Having argued that the absurdity rule should apply to the situation where the Constitution allows the Vice President to preside at his own impeachment trial, let me now address more precisely what I think the effect of the absurdity rule on this issue is. For my earlier posts on this issue see here and here.
As Mike Ramsey says, the Constitution discusses the issue with three related sentences of Article I, Section 3. (1) “The Vice President of the United States shall be President of the Senate, but shall have no vote, unless they be equally divided.” (2) “The Senate shall have the sole Power to try all Impeachments.” (3) “When the President of the United States is tried, the Chief Justice shall preside.
Before applying the absurdity rule, one must determine how the constitutional text (without the absurdity rule) applies to the issue of the Vice President presiding at his own impeachment trial. It would seem that the Vice President being President of the Senate means that he would always have the power to be the presiding office. (At the time of the Constitution, the office of president usually was the presiding office of a multimember group of some kind.)
At the time of the Constitution, there was a principle – universally affirmed – that a person should not be a judge in his own case. See, e.g. Federalist 10. What was disputed, however, was in what situations it applied. But while the principle arguably might not apply as to voting on legislation that affected your interests (such as taxes), one can strongly argue that this principle must apply to an impeachment trial – which the Constitution literally treats as a trial. In particular, one might argue that what was historically meant by a trial does not involve a proceeding where the defendant is also the presiding officer. Under this view, the constitutional text (without the absurdity rule would exclude the Vice President from presiding at his own trial. There is more force to this argument than people normally admit. In fact, the more I think about it the more I am attracted to it. But I still think that most originalist textualists would not accept it as the best reading of the meaning of trial and so let’s move on to applying the absurdity rule.

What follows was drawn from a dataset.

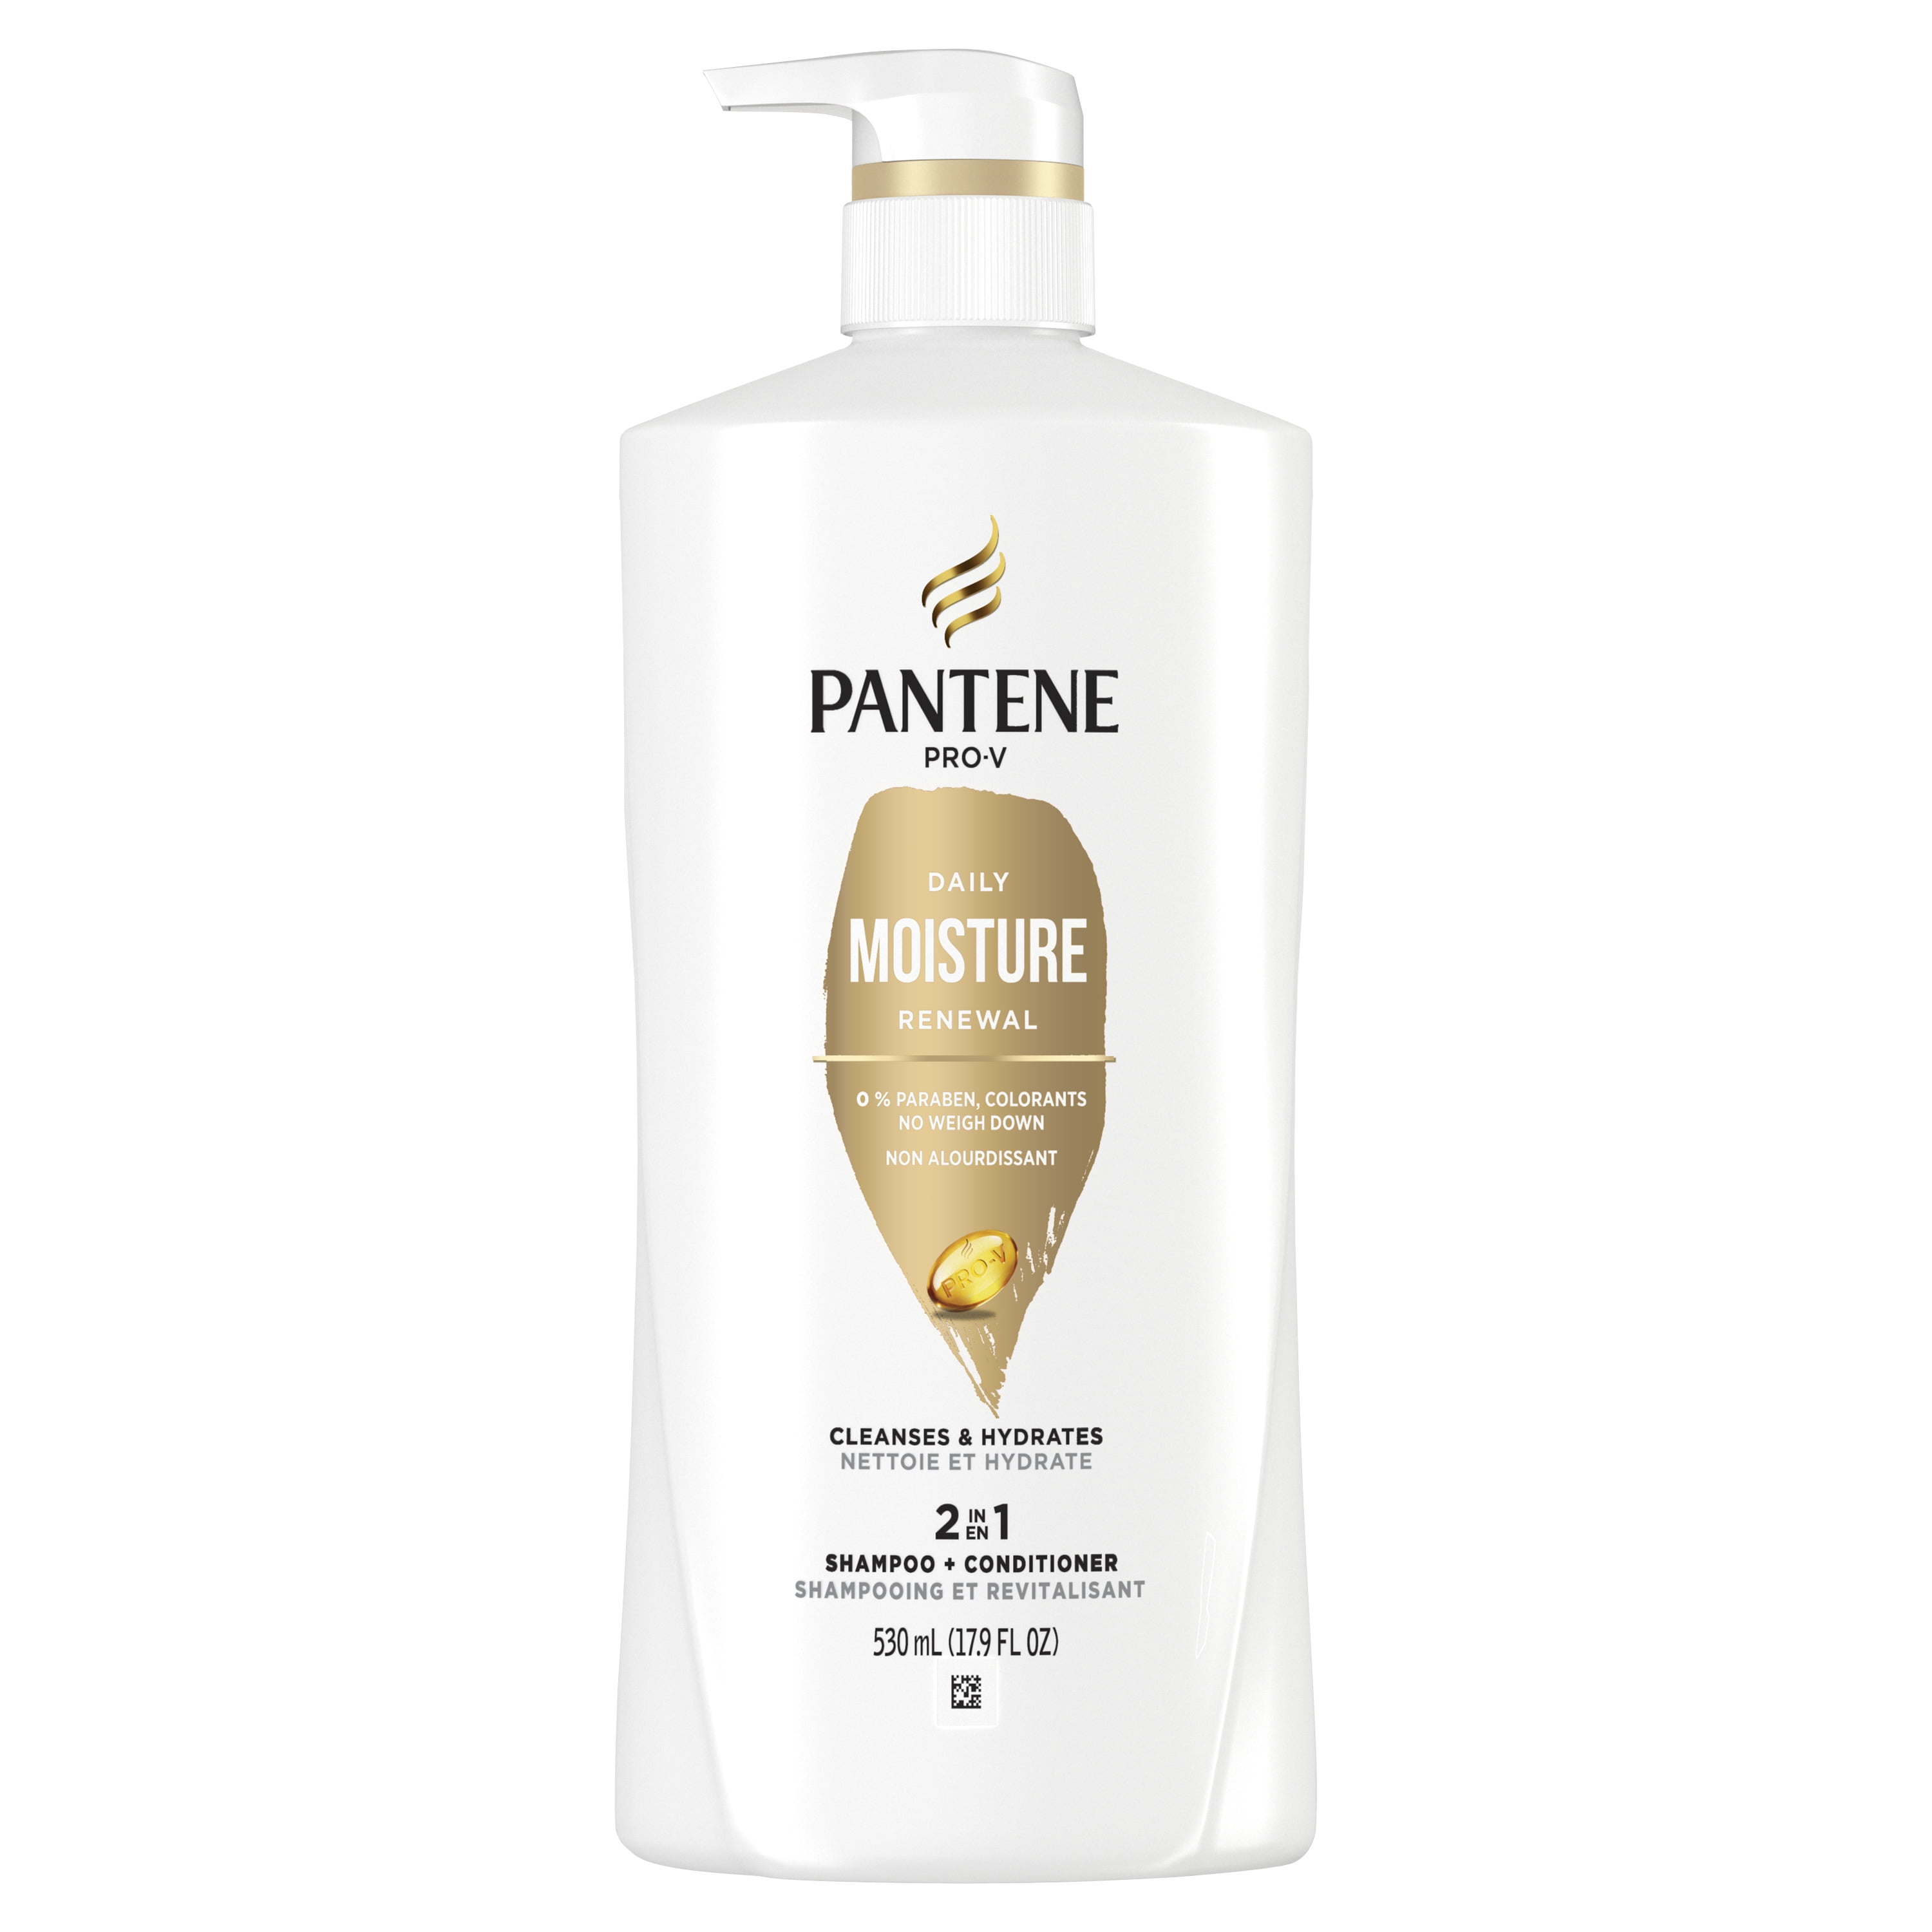 Pantene Pro-V Daily Moisture Renewal 2 1 Shampoo + Conditioner, 17.9 oz - Walmart.com
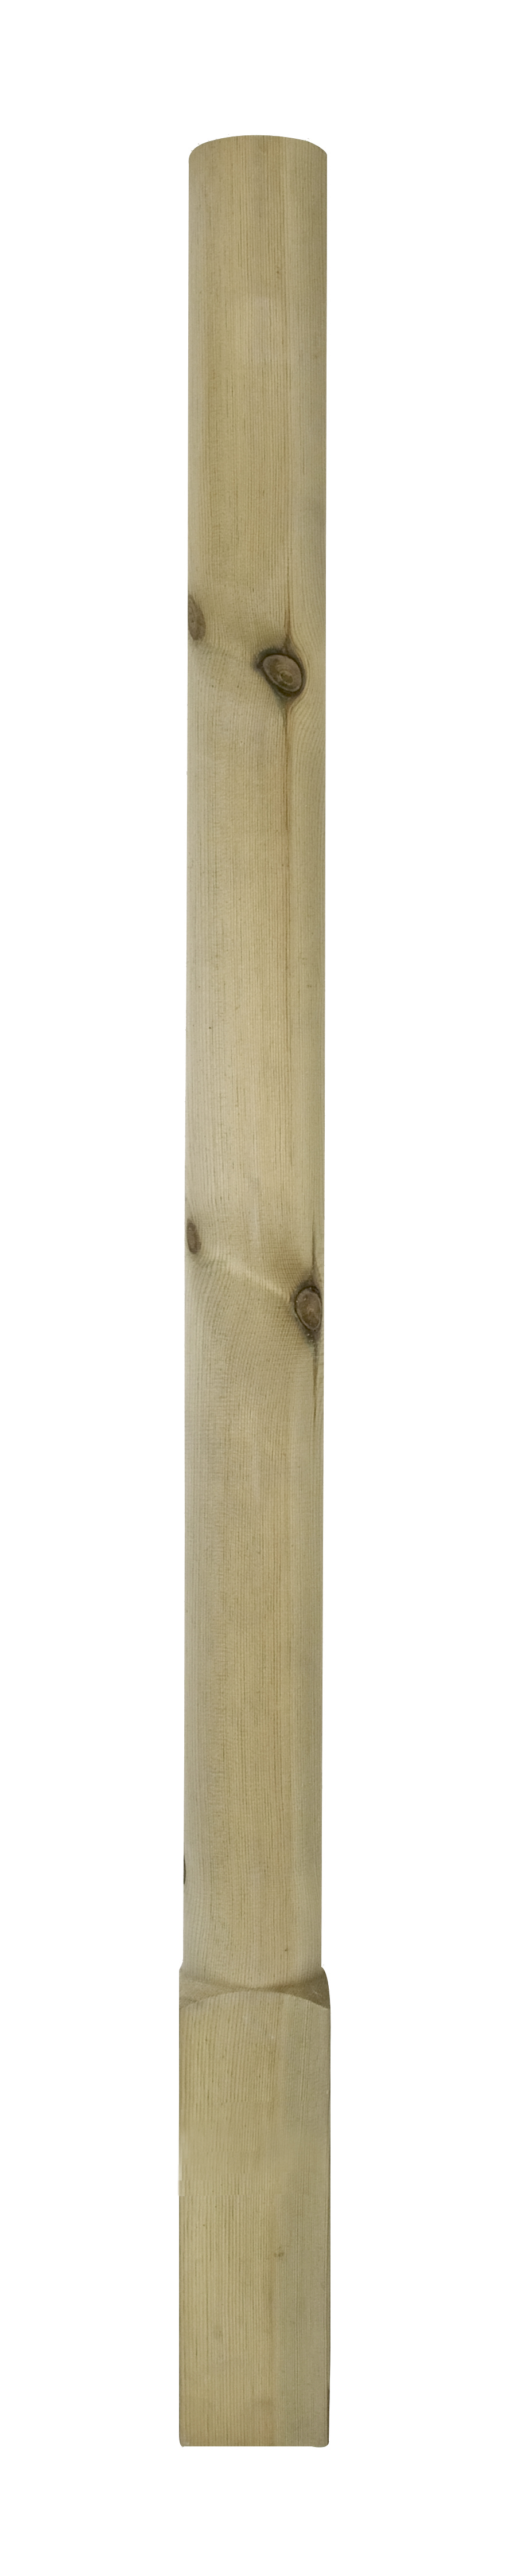 1 Softwood Round Newel 1375mm

As I have said, Chief Justice Marshall’s statement of the absurdity rule asks whether all or virtually all people would reject the apparently textual result in a case. If we are confident that all would reject it, then the absurdity rule should apply. I believe that all would reject having the VP preside at his own impeachment trial both at the time of the Constitution and now, especially because the wide acceptance of the principle of not being a judge in one’s own case. Remember, the question is not whether everyone favors departing from the text, but rather whether everyone rejects the result.
How then to apply the absurdity rule here? This is always the hardest part of the matter, because there is usually more than one possible way to depart from the text. There is support, I believe, for departing from the text as little as possible to avoid the absurd result. Here the smallest departure would involve interpreting the term trial as excluding the defendant from presiding at his own trial. The argument here is not that this is the correct textual reading of the term (although as I argue above it might be). Instead, the argument is that the absurdity rule indicates reading trial in this manner. This is the smallest departure because it takes a textual term, that might have meant this but probably does not, to mean this.
This understanding would also be consistent with the Constitution’s decision to specifically provide that the Chief Justice should preside at the President’s impeachment trial. The Constitution needed to specifically replace the Vice President as the presiding office during the impeachment of the President because having the Vice President preside would not involve being a judge in precisely his own case. (The Vice President would not be on trial.)
I hope that I have not gone on too long about this matter. Although it does not currently involve an important political issue, it does raise important matters of constitutional interpretation.